The records:
BEGIN

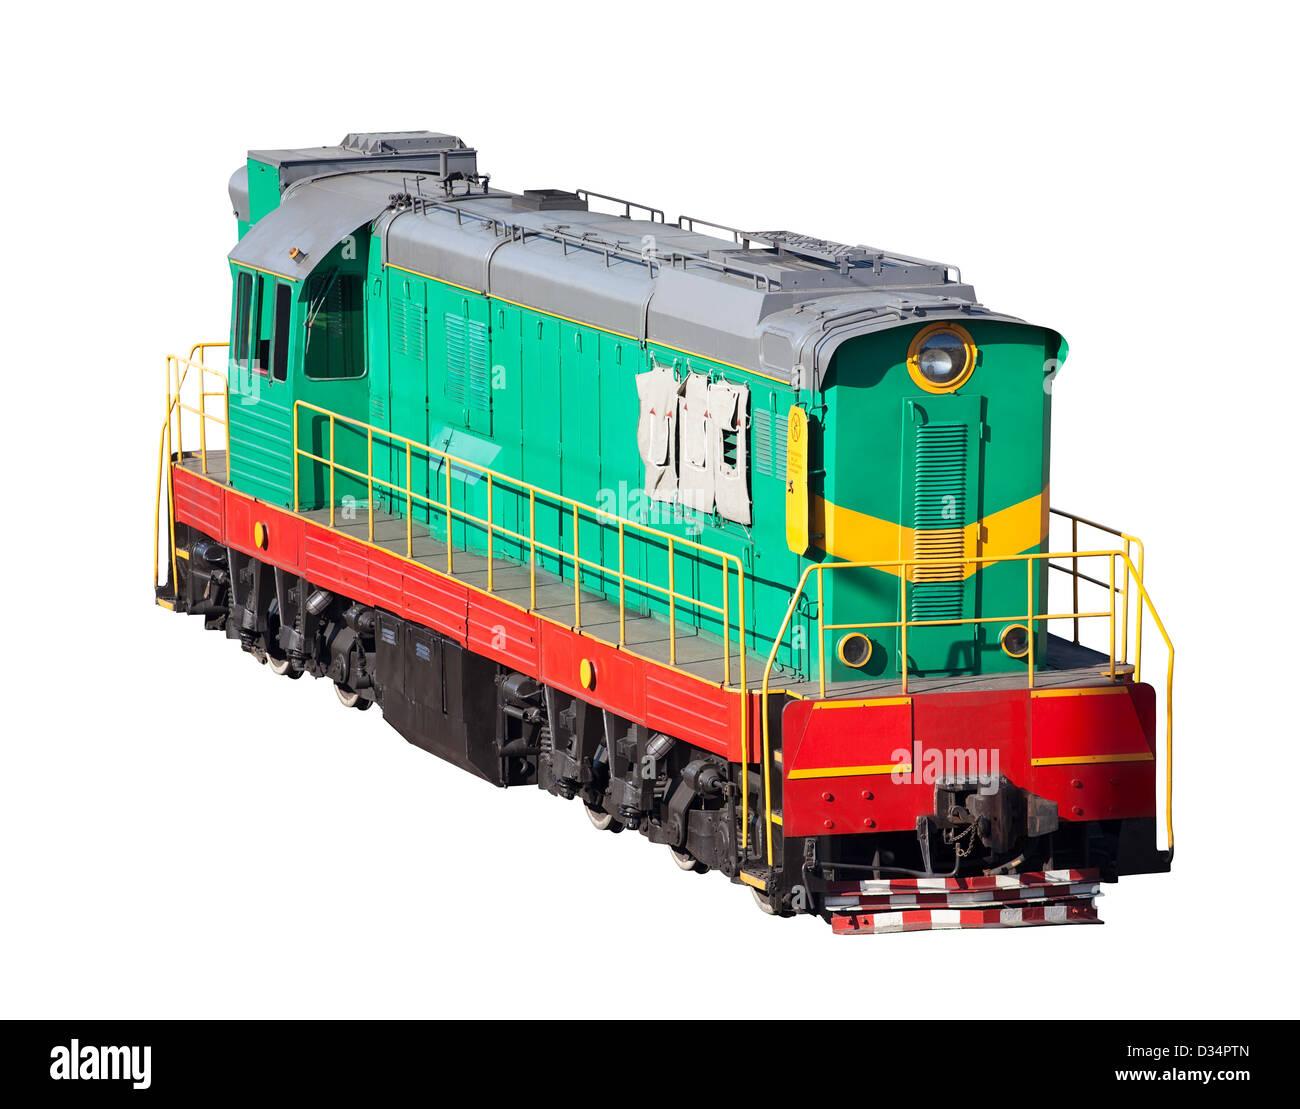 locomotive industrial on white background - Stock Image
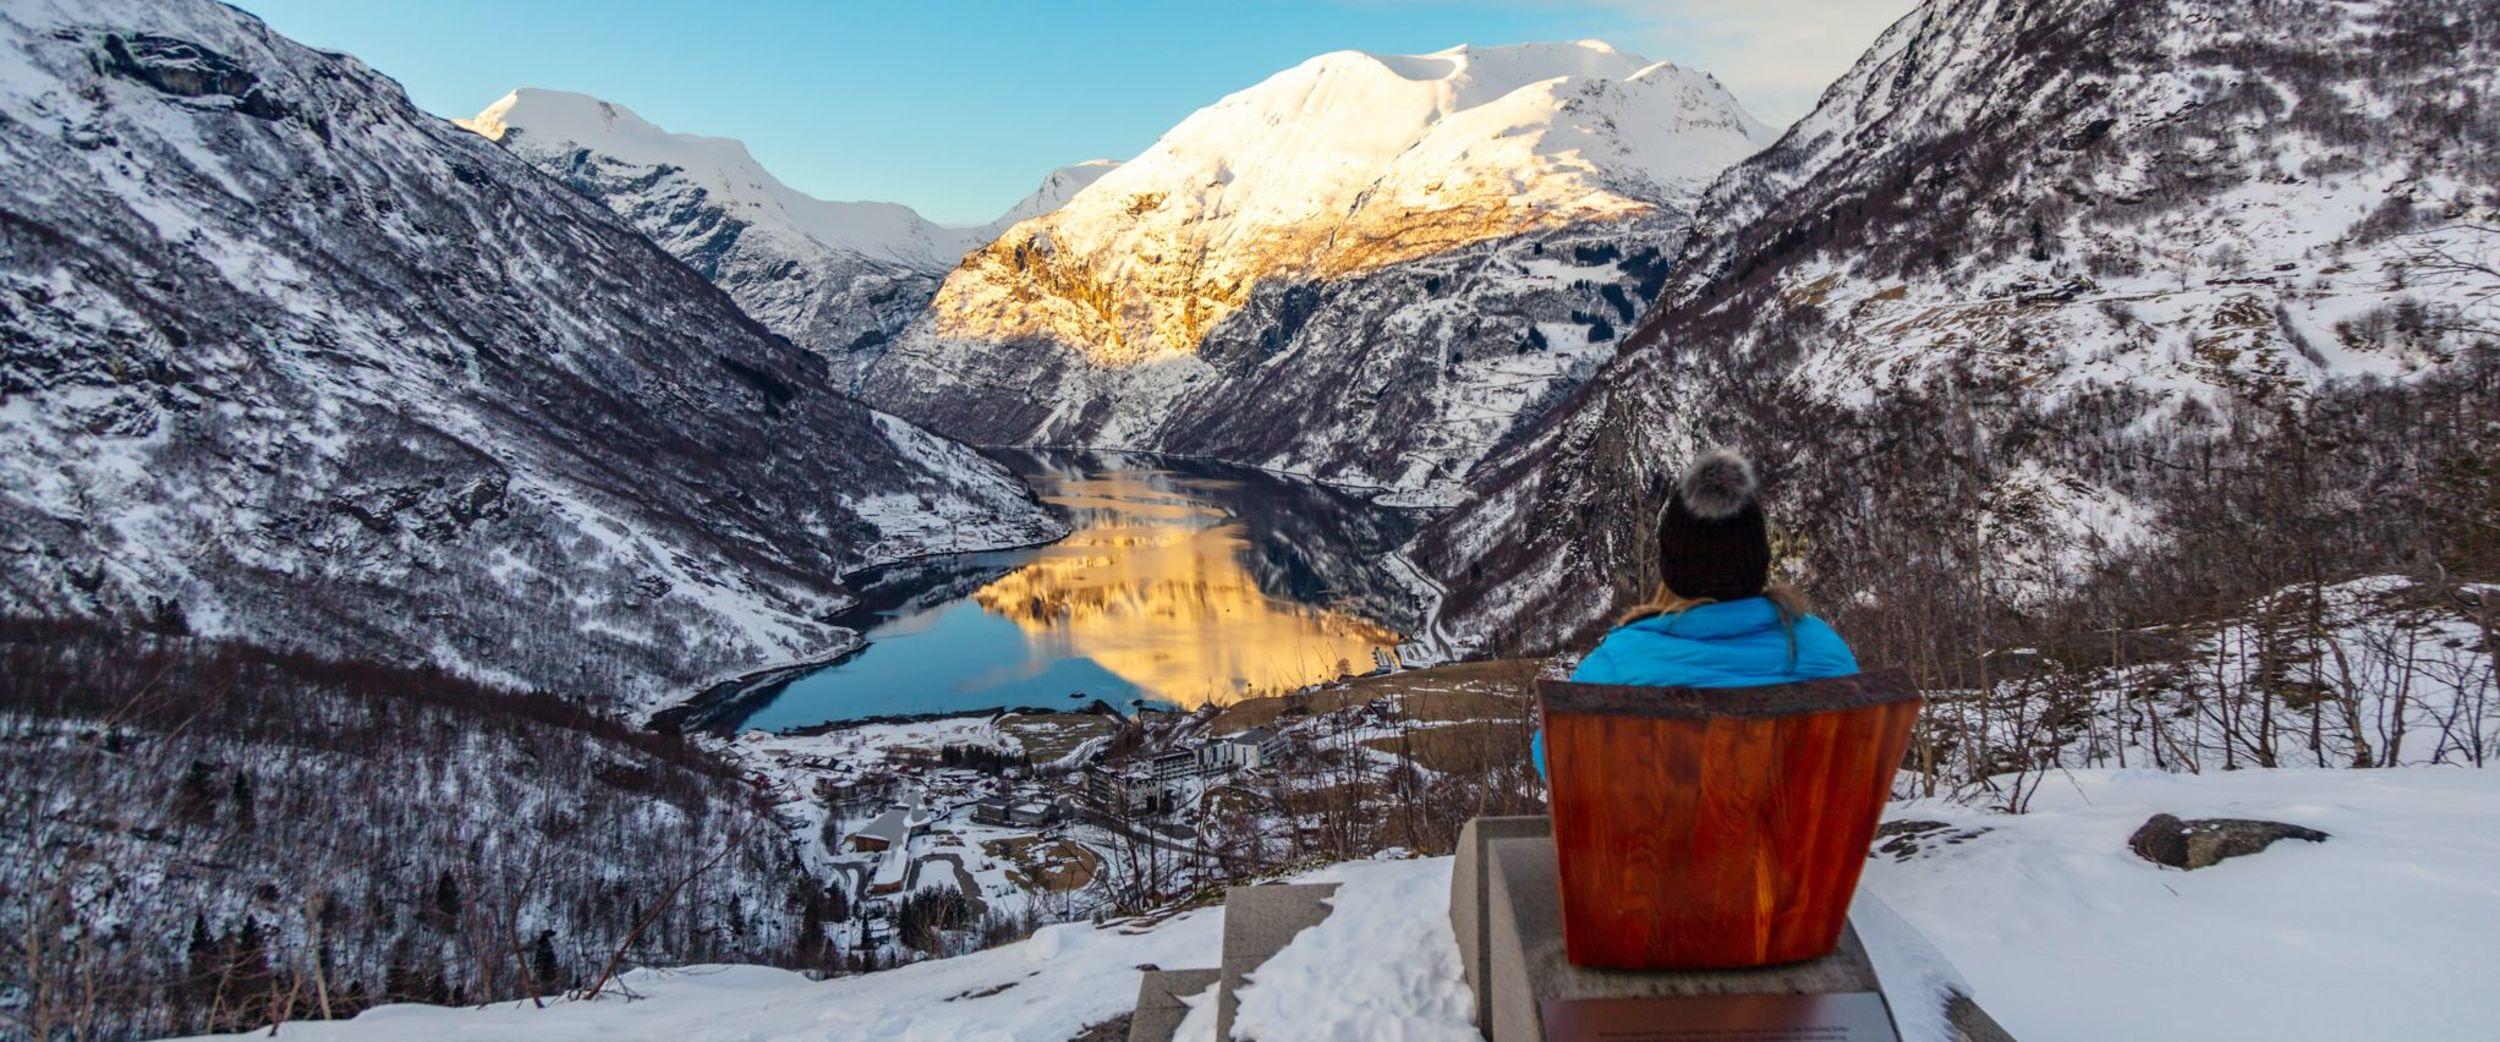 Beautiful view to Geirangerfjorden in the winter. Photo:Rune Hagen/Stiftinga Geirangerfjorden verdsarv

END
BEGIN

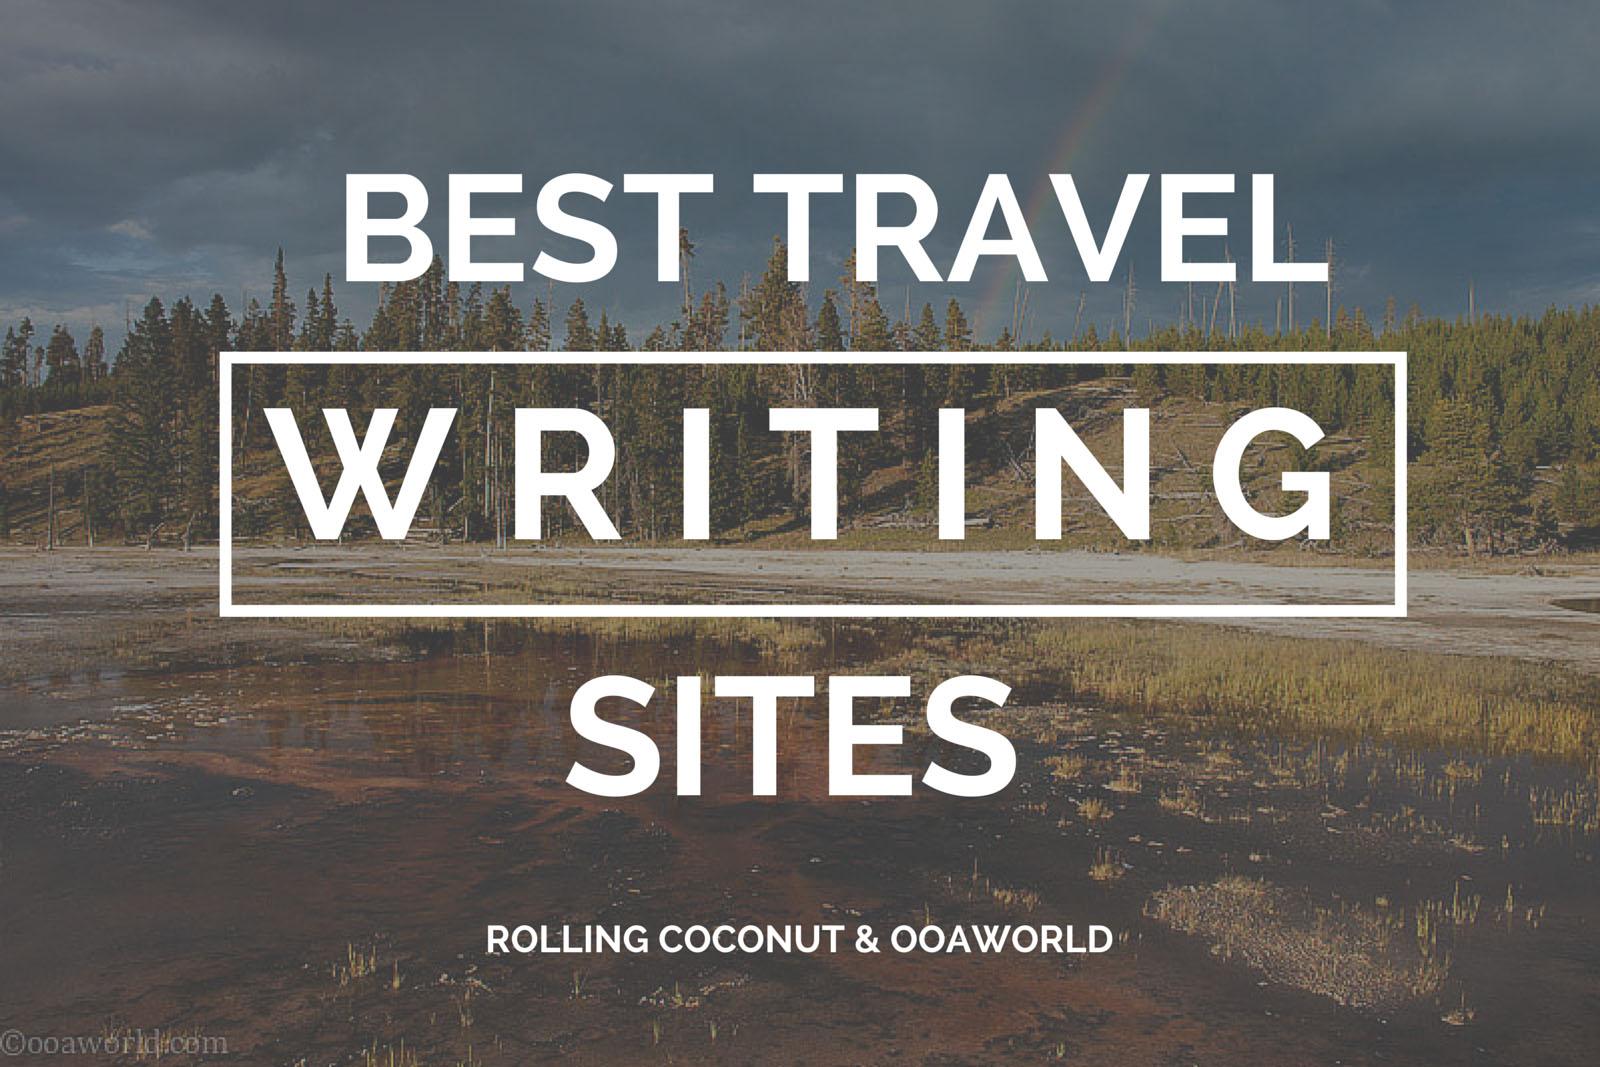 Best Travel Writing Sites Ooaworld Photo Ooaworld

END

Assigned task:
Your answer should be the lines above, word for word, from the line with "locomotive industrial on" through the line with "Beautiful view to", minus the pictures.

Response to the task:
 locomotive industrial on white background - Stock Image
 Beautiful view to Geirangerfjorden in the winter. Photo:Rune Hagen/Stiftinga Geirangerfjorden verdsarv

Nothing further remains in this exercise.